Ma le connessioni non sono solo un problema da risolvere. Sono anche una speranza, come ha ben evidenziato l’incontro. La scienza si sta aprendo a nuove forme di cura, che integrano tecnologia e umanità, creando reti di supporto virtuale e programmi di intervento precoce. La sanità, dal canto suo, si impegna a ricostruire ponti tra i giovani e il mondo reale, promuovendo iniziative di educazione emotiva e ascolto attivo. Riconoscere la solitudine come un nemico da combattere è il primo passo verso una società più inclusiva e consapevole.
In questo mare di contatti, la vera sfida è mantenere vivo il senso di umanità, di empatia e di cura reciproca. Le relazioni autentiche sono il balsamo più potente contro l’isolamento e i comportamenti a rischio. Sono il tessuto che ci permette di essere non solo connessi, ma anche realmente presenti, capaci di ascoltare e di essere ascoltati.
E mentre il mondo corre veloce, tra innovazioni e crisi, la domanda rimane: come possiamo coltivare connessioni che non si limitino a un clic, ma che nutrano il nostro essere più profondo? La risposta, forse, sta nel riscoprire il valore di un sorriso, di una parola sincera, di un gesto di cura che ricostruisce il senso di comunità e di appartenenza. Perché, in fondo, siamo tutti parte di un grande tessuto di relazioni. Il vero potere delle connessioni risiede nella capacità di toccare il cuore dell’altro, di creare legami autentici che vadano oltre lo schermo.

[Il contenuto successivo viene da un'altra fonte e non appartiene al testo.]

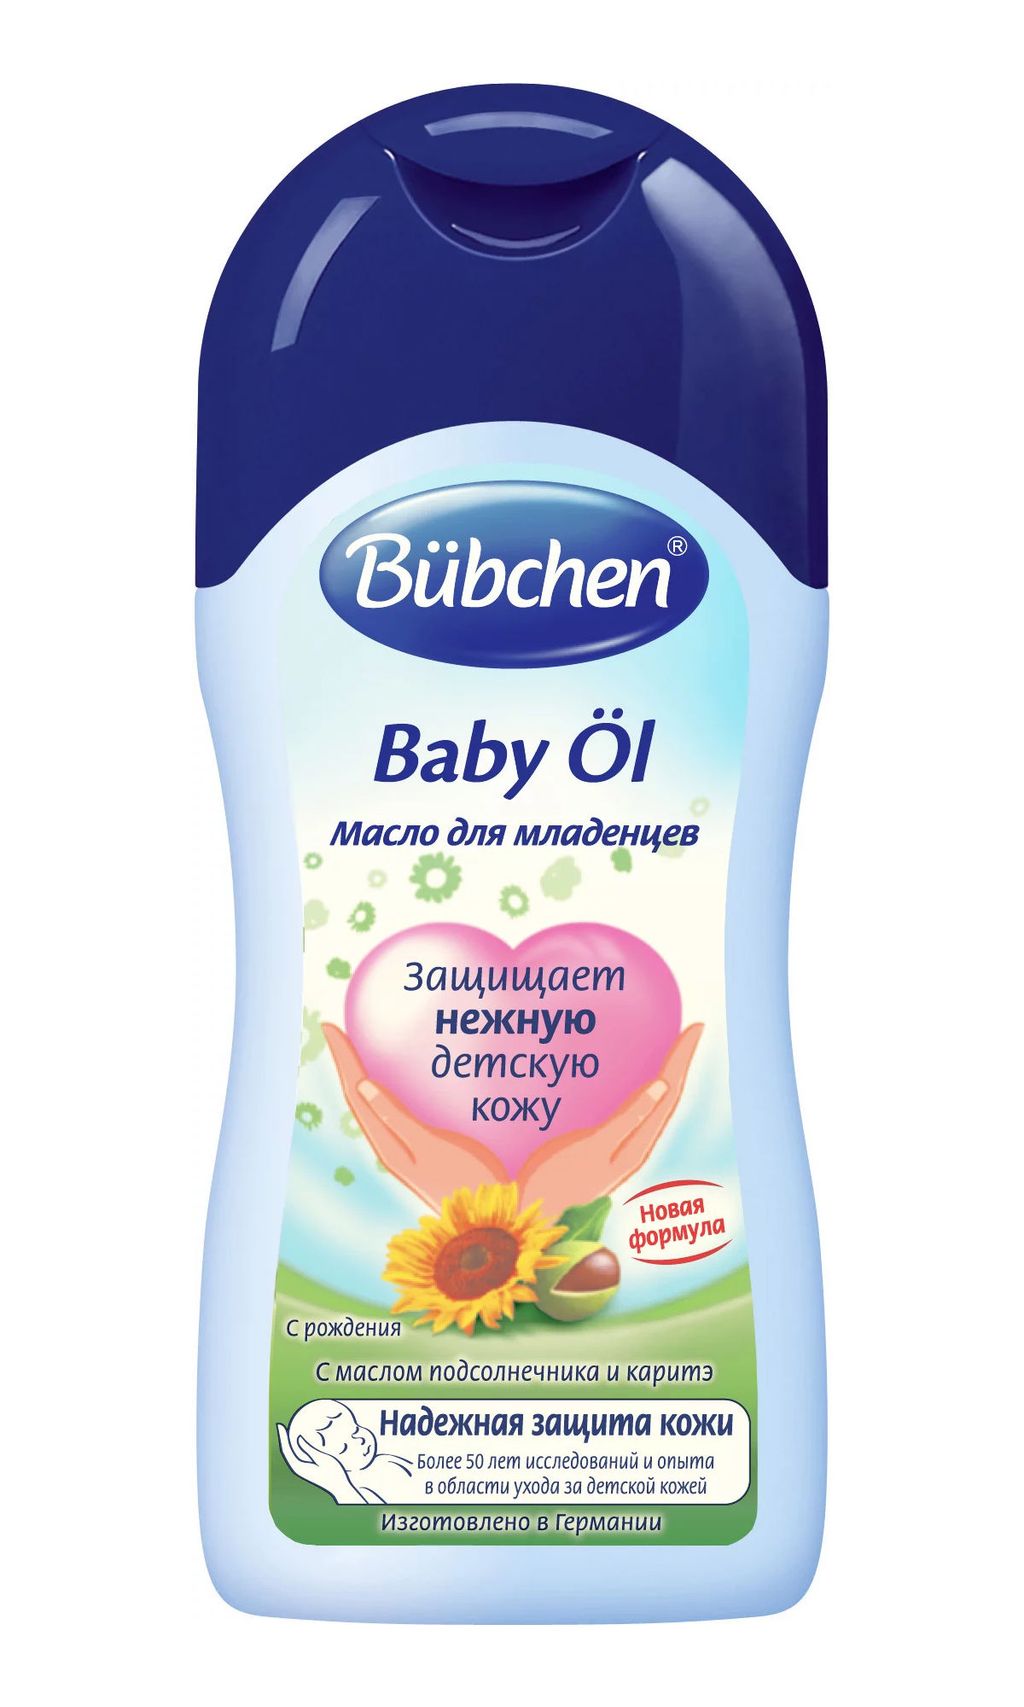 Bubchen Масло для младенцев, масло для детей, 400 мл, 1 шт.
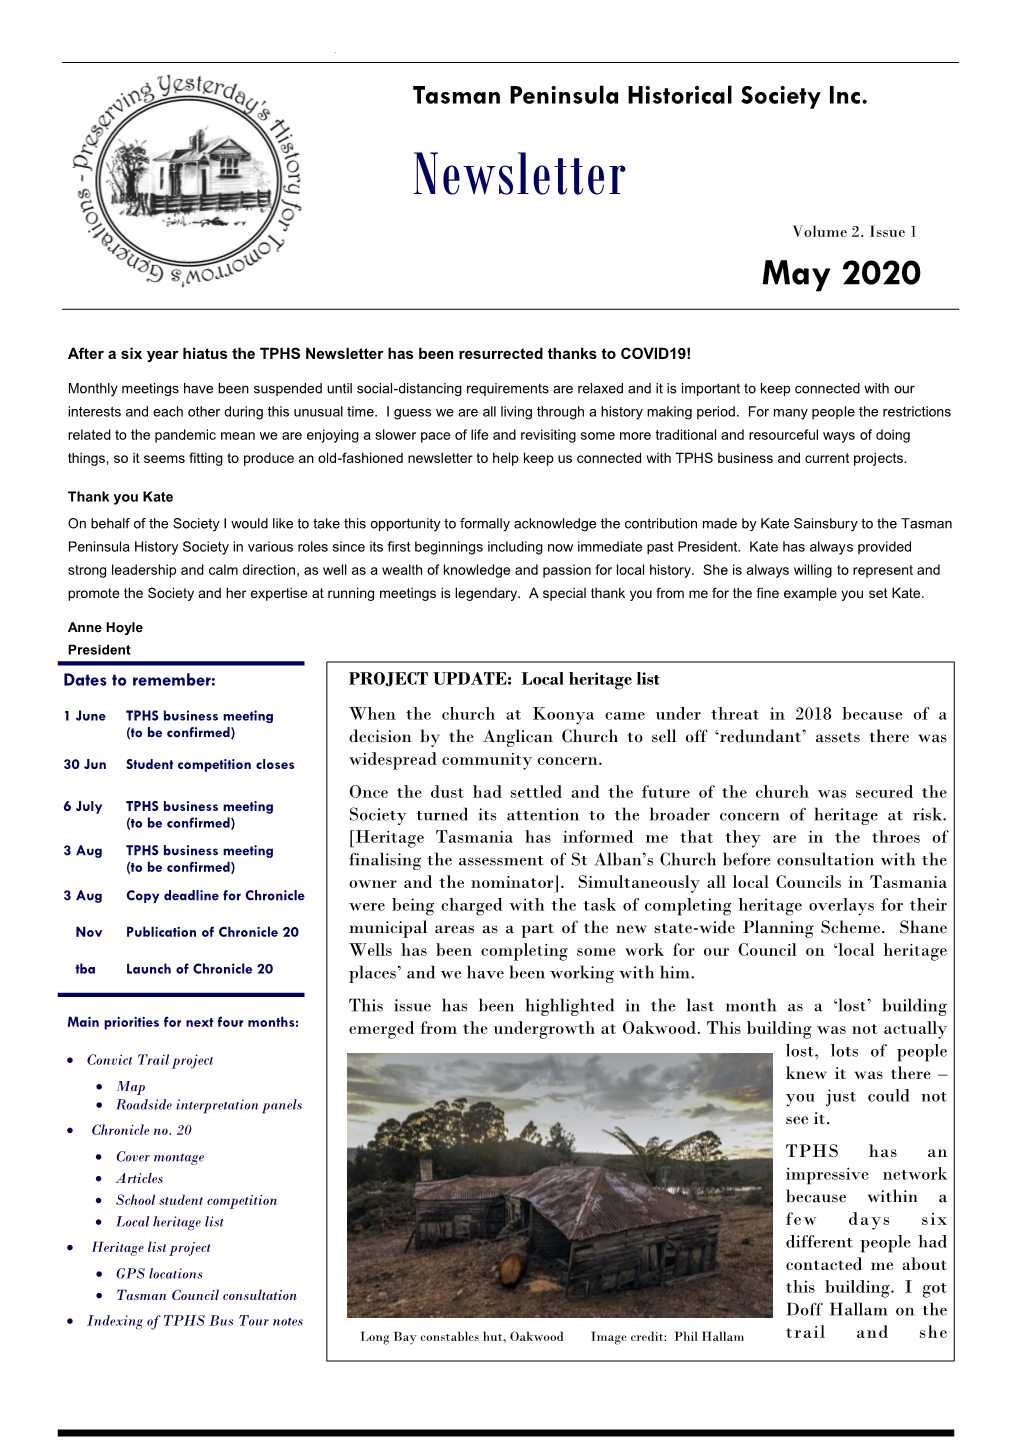 May 2020 TPHS Newsletter

In un mondo che corre veloce, fermarsi a guardare negli occhi, ascoltare con attenzione e condividere momenti di reale empatia sono gesti rivoluzionari. Solo così possiamo trasformare le connessioni digitali in ponti di vera solidarietà, ricostruendo un senso di comunità che ci sostenga e ci dia forza, anche nelle solitudini più silenziose.